Some readers and producer, including Power, argue that the change from ink to pixel brings lower quality images. But comic book illustrator Brent Schoonover, based out of St. Paul, Minn., sees little difference between print and digital images.
Instead, it is the format and presentation of digital comics that Schoonover critiques.
Schoonover feels that part of the art of comic books is “the complete package” – how the illustrator draws the images, laying them out on the page in a way that leads the reader from one panel to the next. However, many of the apps for viewing digital comics show the reader one panel at a time.
“These books aren’t made with digital in mind,” Schoonover said. “[Digital copies] don’t quite read the way a comic books should read.”
Ryan Dunlavey, a comic book illustrator and publisher from New York, said the additional benefits of digital comics will win-out over any perceived diminishes in the comics’ visuals.
As a co-owner of Evil Twin Comics, Dunlavey creates and distributes many comics through PDFs and smart phone apps.
For Dunlavey, the digital format offers a cheap way to increase exposure and business. His comic book series Action Philosophers gained popularity after he made one of the issues available as a free download.
Currently, Dunlavey makes more money from his print releases, but he thinks that digital sales could eventually surpass print. Supporting Dunlavey’s assertion, ICv2, the most popular distributor of digital comics, says sales have tripled over the past year.
Despite his reservations about comic book’s digital format, Schoonover said he felt the digital market is part of the future and something he would “rather be in from the ground up.”
But some fear increased digitalization of comic books will prompt more comic book piracy – similar to what happened in the music industry just over a decade ago.
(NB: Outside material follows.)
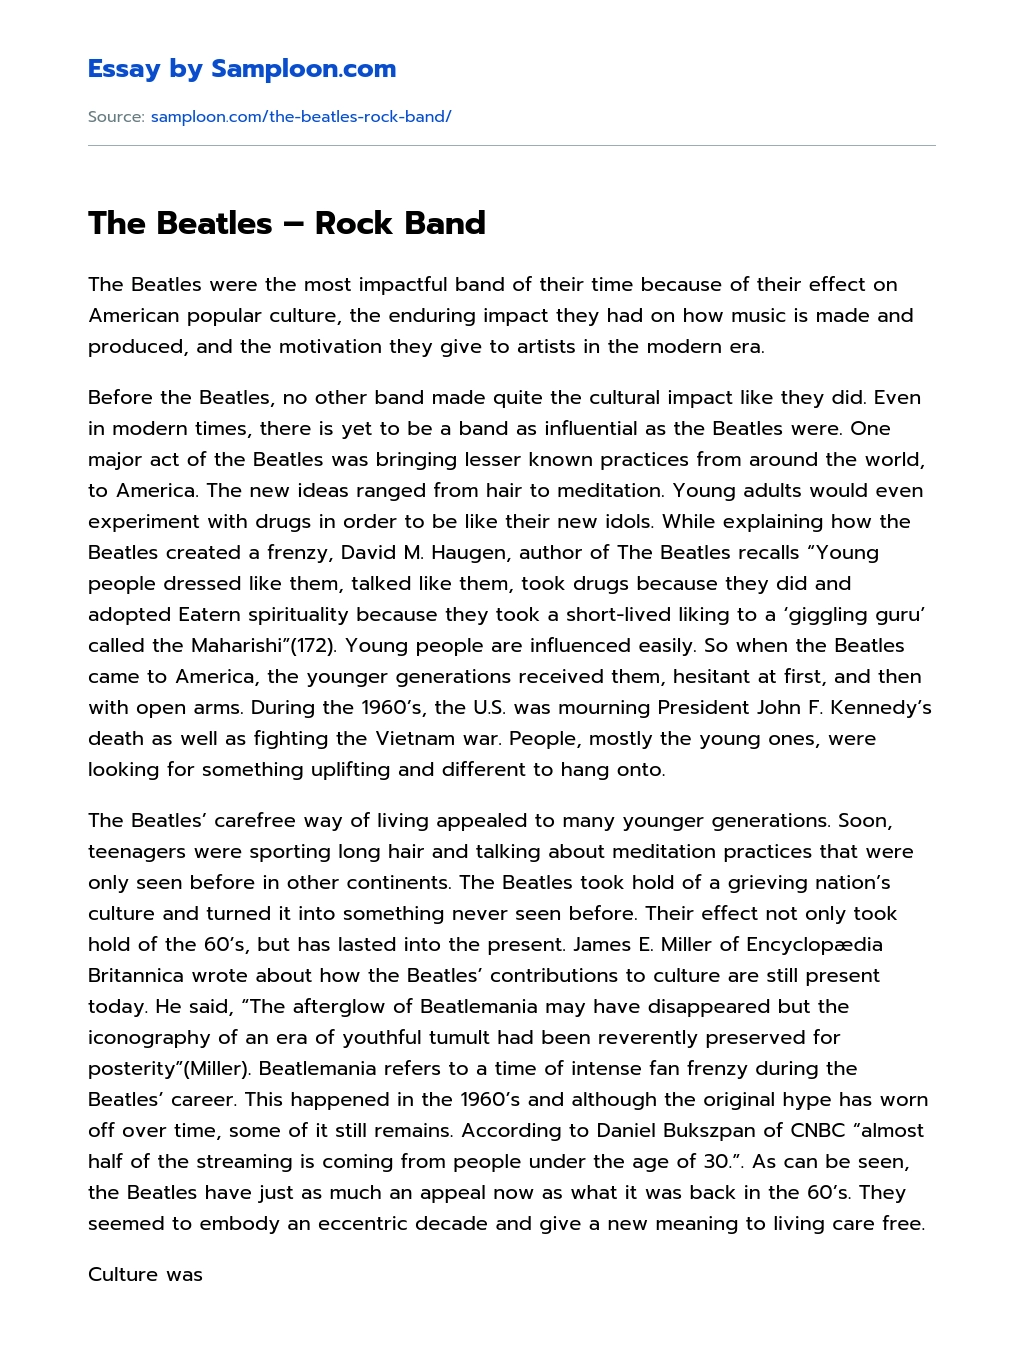 The Beatles – Rock Band essay

The threat is great enough that Marvel Comics and Time Warner – DC Comics’ parent company – support the Stop Online Piracy Act, a bill that would increase the punishments against websites engaged in piracy.
Although Lieber’s experience with pirating appears to be an increasing trend, Power, Gonyea and Dunlavey were dismissive about the threat of pirating. Power and Gonyea cited fans’ book collections and attraction to the physical page, while Dunlavey said that if he executed his job properly fans would want to buy from him rather than steal.
Schoonover sees piracy as a serious threat, but said the comic book industry should preemptively address the problem and learn from the music industry’s mistakes.
The comic book industry needs to establish their equivalent of iTunes now instead of as a belated response to rampant stealing, he said.
Dunlavey’s ultimate assessment of the growing digital world provides an optimistic twist to the increasing online thievery and reflects Lieber’s encounters with his pirating fans.
“Anything that increases the availability of comics, or any other art, is a good thing,” Dunlavey said.